[Collected data entries]

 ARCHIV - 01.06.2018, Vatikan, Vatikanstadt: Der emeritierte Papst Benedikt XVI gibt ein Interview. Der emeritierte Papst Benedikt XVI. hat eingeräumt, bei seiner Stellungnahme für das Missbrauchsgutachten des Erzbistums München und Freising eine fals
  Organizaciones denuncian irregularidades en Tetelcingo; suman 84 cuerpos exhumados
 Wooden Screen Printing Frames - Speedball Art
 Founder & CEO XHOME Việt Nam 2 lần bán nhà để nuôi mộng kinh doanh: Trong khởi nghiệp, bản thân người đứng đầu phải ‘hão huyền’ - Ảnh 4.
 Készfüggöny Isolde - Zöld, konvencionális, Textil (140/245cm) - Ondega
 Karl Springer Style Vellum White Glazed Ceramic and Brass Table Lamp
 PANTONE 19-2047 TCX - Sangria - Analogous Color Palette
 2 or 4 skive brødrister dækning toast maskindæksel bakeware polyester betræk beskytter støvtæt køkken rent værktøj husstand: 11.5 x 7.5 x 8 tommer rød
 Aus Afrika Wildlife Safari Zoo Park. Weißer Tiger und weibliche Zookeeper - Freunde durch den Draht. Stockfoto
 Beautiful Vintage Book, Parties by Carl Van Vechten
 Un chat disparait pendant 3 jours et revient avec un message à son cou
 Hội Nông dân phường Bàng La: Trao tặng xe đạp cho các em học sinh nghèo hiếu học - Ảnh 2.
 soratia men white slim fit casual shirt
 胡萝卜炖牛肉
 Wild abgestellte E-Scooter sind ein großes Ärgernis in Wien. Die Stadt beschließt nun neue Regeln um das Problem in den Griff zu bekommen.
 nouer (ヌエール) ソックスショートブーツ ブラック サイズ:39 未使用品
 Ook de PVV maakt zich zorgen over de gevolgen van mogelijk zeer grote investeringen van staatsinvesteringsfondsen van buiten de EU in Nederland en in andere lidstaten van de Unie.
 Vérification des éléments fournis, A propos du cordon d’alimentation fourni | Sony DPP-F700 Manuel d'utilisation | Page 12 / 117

[WHAT TO DO] The response must consist of the lines above, from the first one through the line containing "2 or 4 skive", reproduced exactly.

[ANSWER SPACE]
 ARCHIV - 01.06.2018, Vatikan, Vatikanstadt: Der emeritierte Papst Benedikt XVI gibt ein Interview. Der emeritierte Papst Benedikt XVI. hat eingeräumt, bei seiner Stellungnahme für das Missbrauchsgutachten des Erzbistums München und Freising eine fals
  Organizaciones denuncian irregularidades en Tetelcingo; suman 84 cuerpos exhumados
 Wooden Screen Printing Frames - Speedball Art
 Founder & CEO XHOME Việt Nam 2 lần bán nhà để nuôi mộng kinh doanh: Trong khởi nghiệp, bản thân người đứng đầu phải ‘hão huyền’ - Ảnh 4.
 Készfüggöny Isolde - Zöld, konvencionális, Textil (140/245cm) - Ondega
 Karl Springer Style Vellum White Glazed Ceramic and Brass Table Lamp
 PANTONE 19-2047 TCX - Sangria - Analogous Color Palette
 2 or 4 skive brødrister dækning toast maskindæksel bakeware polyester betræk beskytter støvtæt køkken rent værktøj husstand: 11.5 x 7.5 x 8 tommer rød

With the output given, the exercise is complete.